🤖 AI Summary
This work addresses the limitation of existing private distributed matrix multiplication schemes, which are predominantly confined to outer-product or inner-product partitioning and struggle to efficiently support general grid partitioning. The authors propose a generic extension framework that effectively generalizes polynomial codes—originally designed for outer-product partitioning—to the grid-partitioning setting, thereby enabling a new class of coding schemes that transcend traditional combinatorial constraints. Theoretical analysis and empirical evaluations demonstrate that, across a wide range of parameter configurations, the proposed approach consistently outperforms state-of-the-art grid-partitioning methods in both computational efficiency and communication overhead, confirming the efficacy of the extension mechanism and the superiority of the newly constructed codes.
📝 Abstract
We consider polynomial codes for private distributed matrix multiplication (PDMM/SDMM).
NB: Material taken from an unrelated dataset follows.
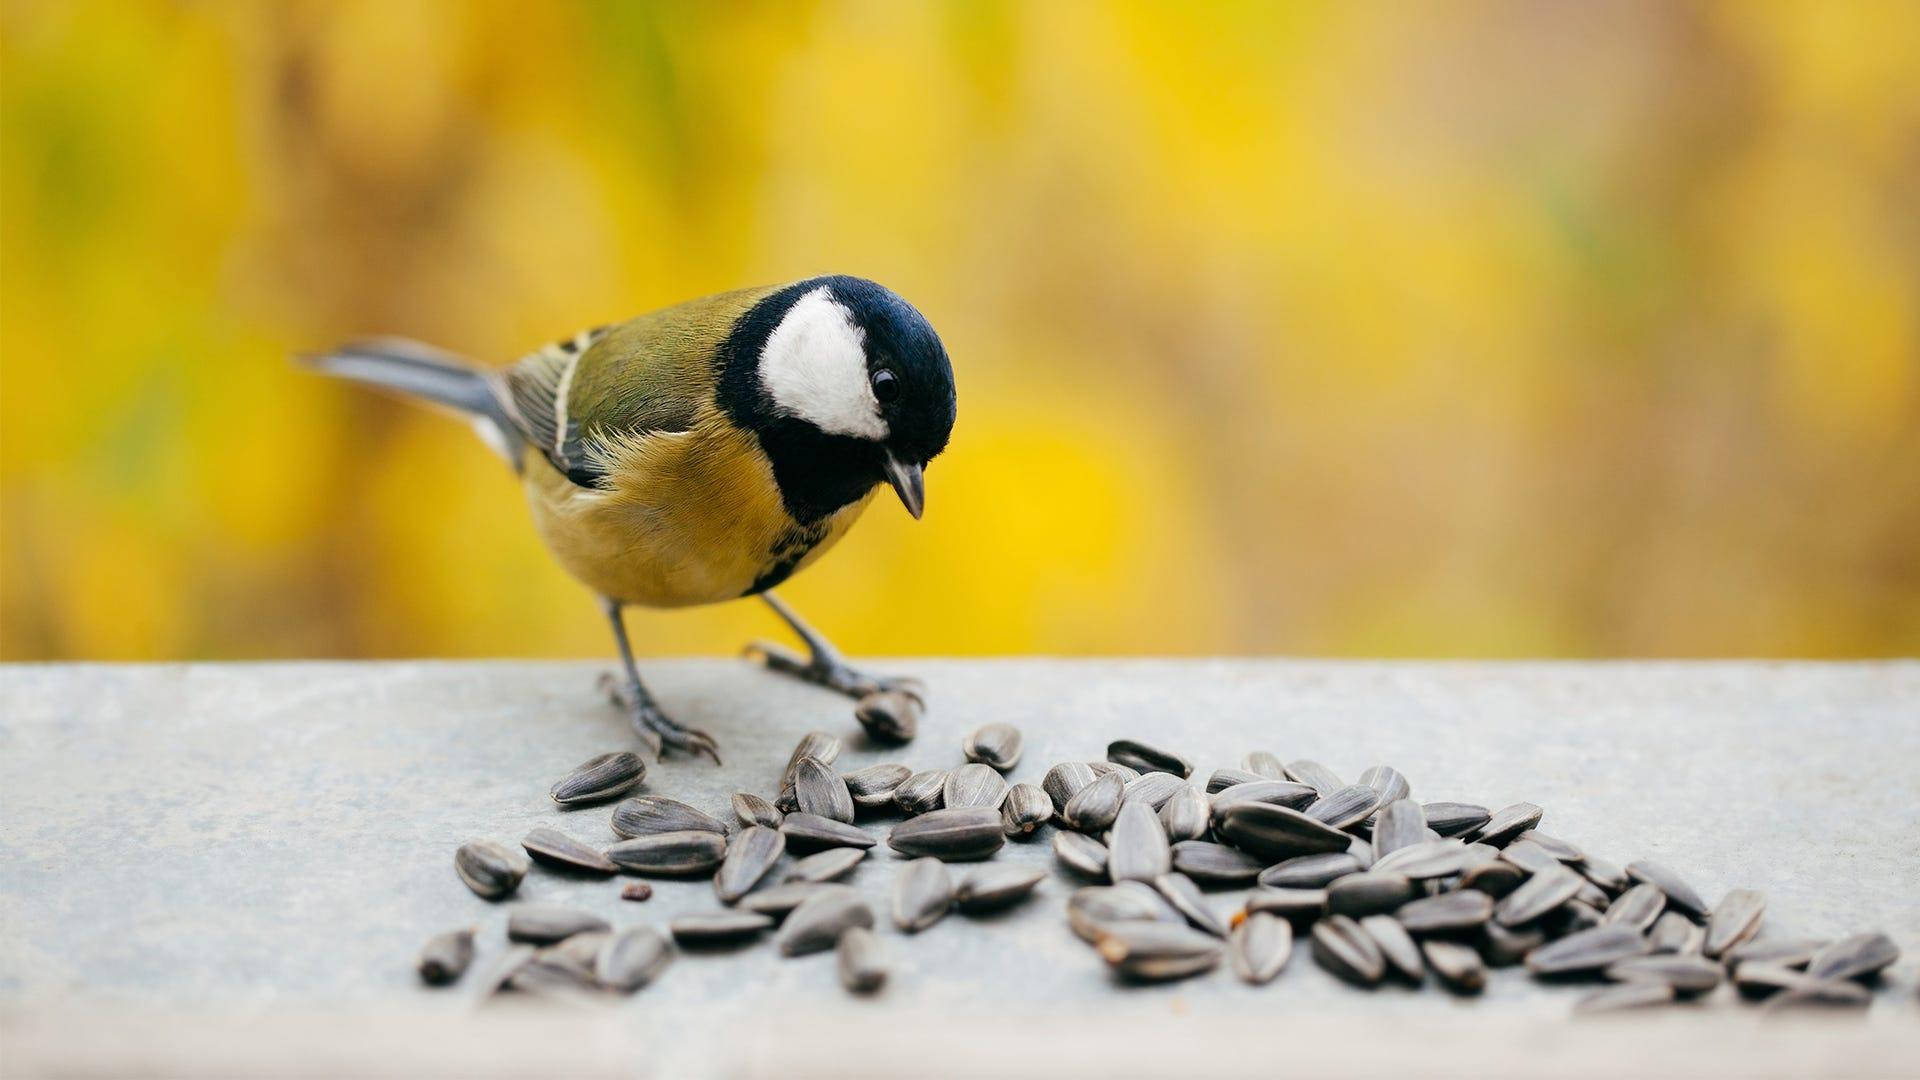 Busted! 5 Bird-Feeding Myths Put to Rest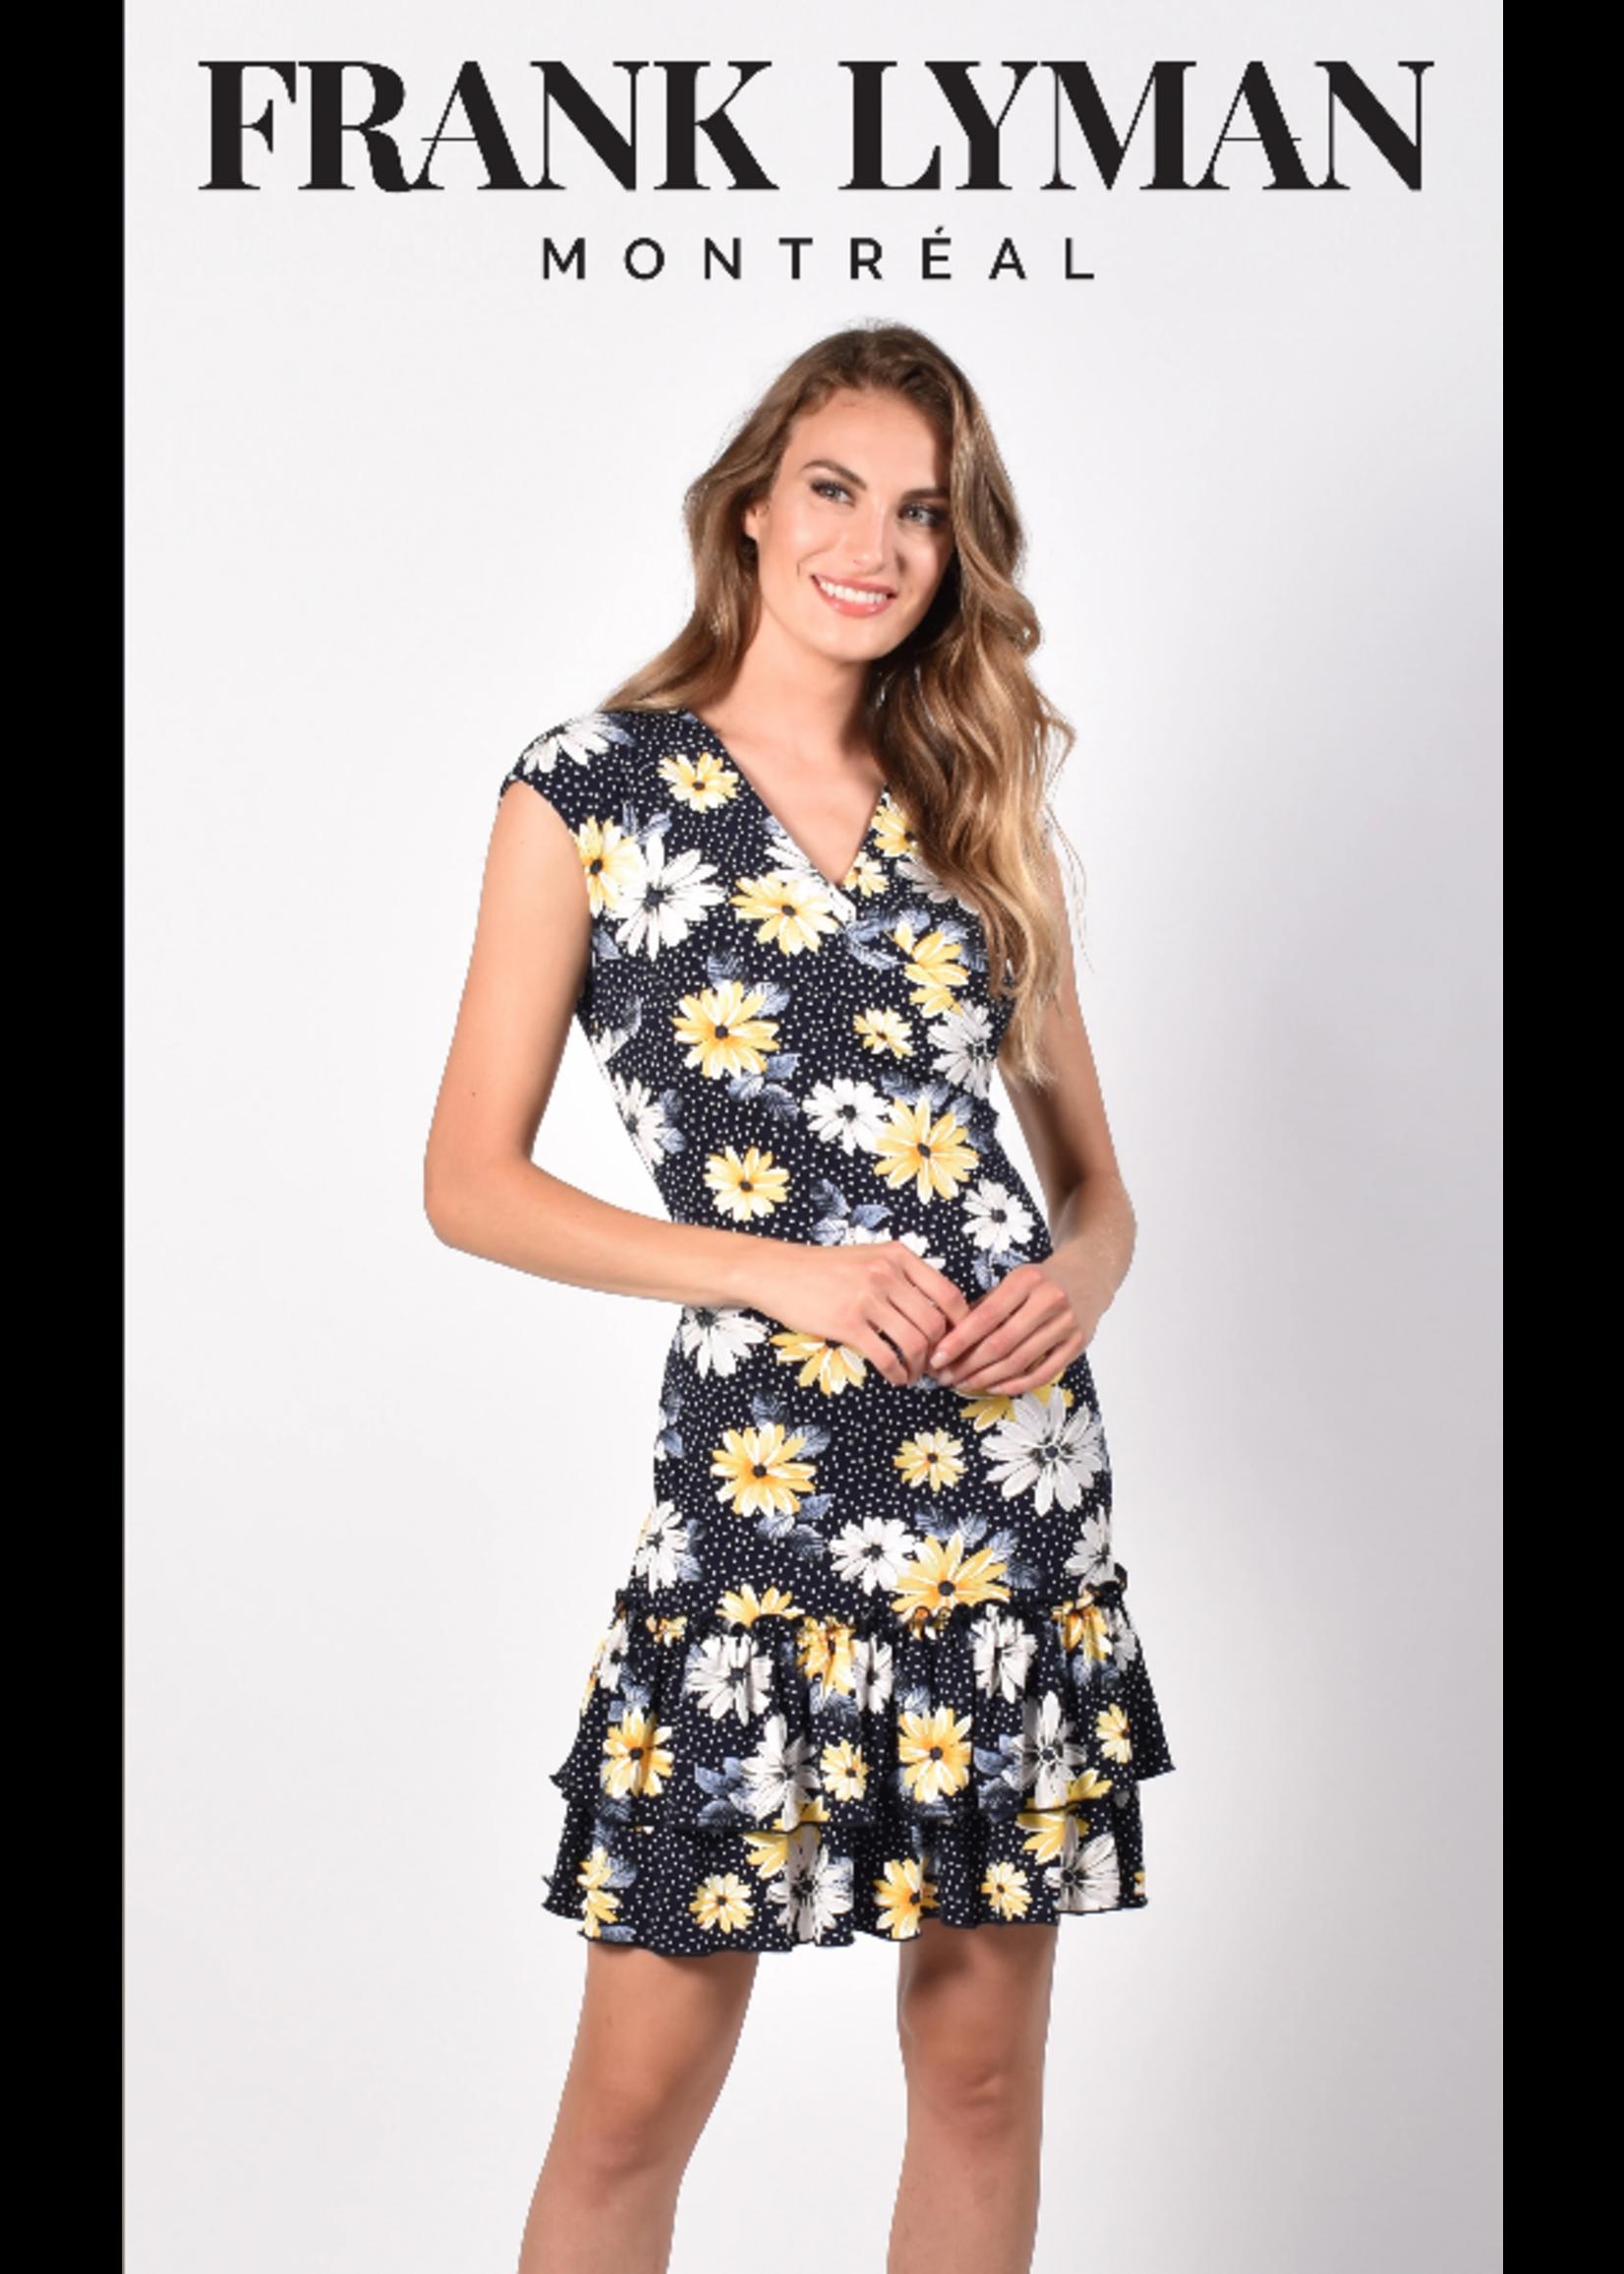 Frank Lyman Sunflower Dress

Existing codes for PDMM are either specialized for the outer product partitioning (OPP), or inner product partitioning (IPP), or are valid for the more general grid partitioning (GP). We design extension operations that can be applied to a large class of OPP code designs to extend them to the GP case. Applying them to existing codes improves upon the state-of-the-art for certain parameters. Additionally, we show that the GP schemes resulting from extension fulfill additional combinatorial constraints, potentially limiting their performance. We illustrate this point by presenting a new GP scheme that does not adhere to these constraints and outperforms the state-of-the-art for a range of parameters.